In June 2014, al-Shabaab arrested about 100 women at a market in Buale, ordered them to wear the niqab, and warned that those who did not comply would be publicly flogged before releasing them. In October 2014, AMISOM announced that it was regaining control of some strongholds from al-Shabaab, which now controlled only six cities, including Buale.

In March 2019, an airstrike on an Al-Shabaab military camp in Buale killed several commanders. In May 2019, it was reported that the vast majority of foreign fighters had left Jilib and Buale. In July 2019, Al-Shabaab executed a man in Buale, accusing him of practicing sorcery.

In March 2020, reports emerged of a conflict between Al-Shabaab leader Ahmed Diriye and his sub-commander Mahad Karate. According to unconfirmed reports, Diriye called Karate's subordinates to Buale and had them killed. On August 28, 2020, Jubaland forces launched an attack on the Buale district, which is under Al-Shabaab control.

In March 2021, five people accused of spying by al-Shabaab were executed in Buale.

As of April 2022, it has been reported that al-Shabaab is based in Jilib and controls Buale and Saakow.

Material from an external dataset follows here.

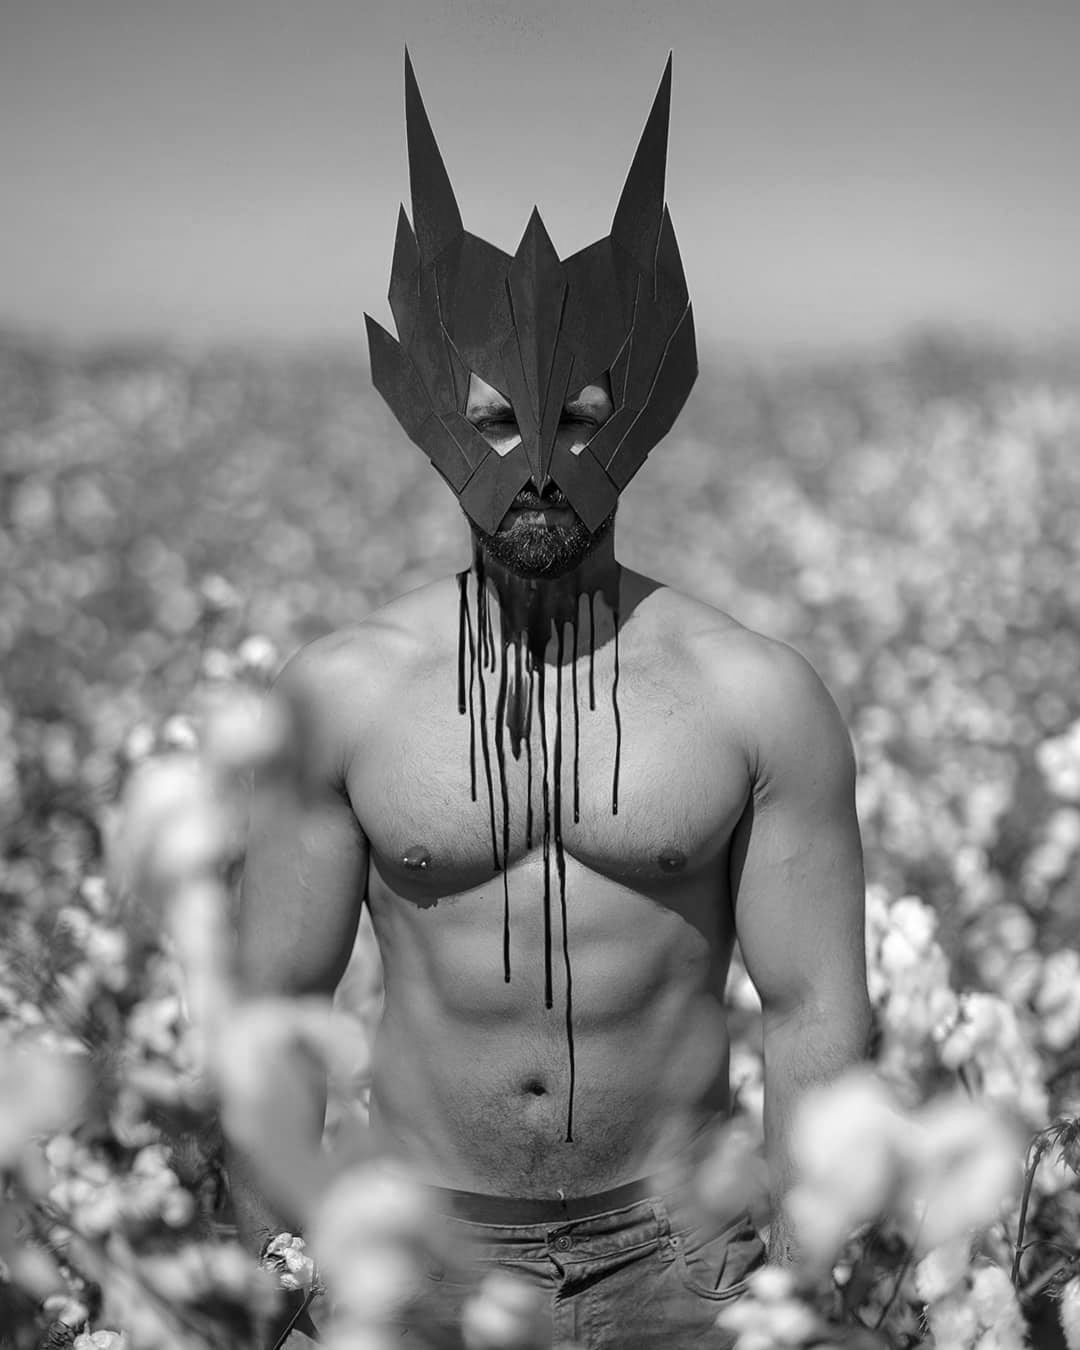 MasK (I), by Shlomi Gavrialy ft Daniel Gueta.

In May 2023, al-Shabaab publicly executed five people in Buale on charges of espionage. In early October 2023, airstrikes carried out by fighter jets and drones believed to belong to the Kenya Defense Forces (KDF) took place in the Buare district. From October to December 2023, heavy rains during the rainy season caused severe flooding in Buale and the surrounding areas.

In October 2025, the Somali government announced that one of the co-founders of al-Shabaab had been killed in a precision airstrike in Buale.

In February 2026, Somalia’s National Intelligence and Security Agency (NISA) conducted an operation in the Arabow area of Buale, killing eight militants and destroying a key Al-Shabaab facility.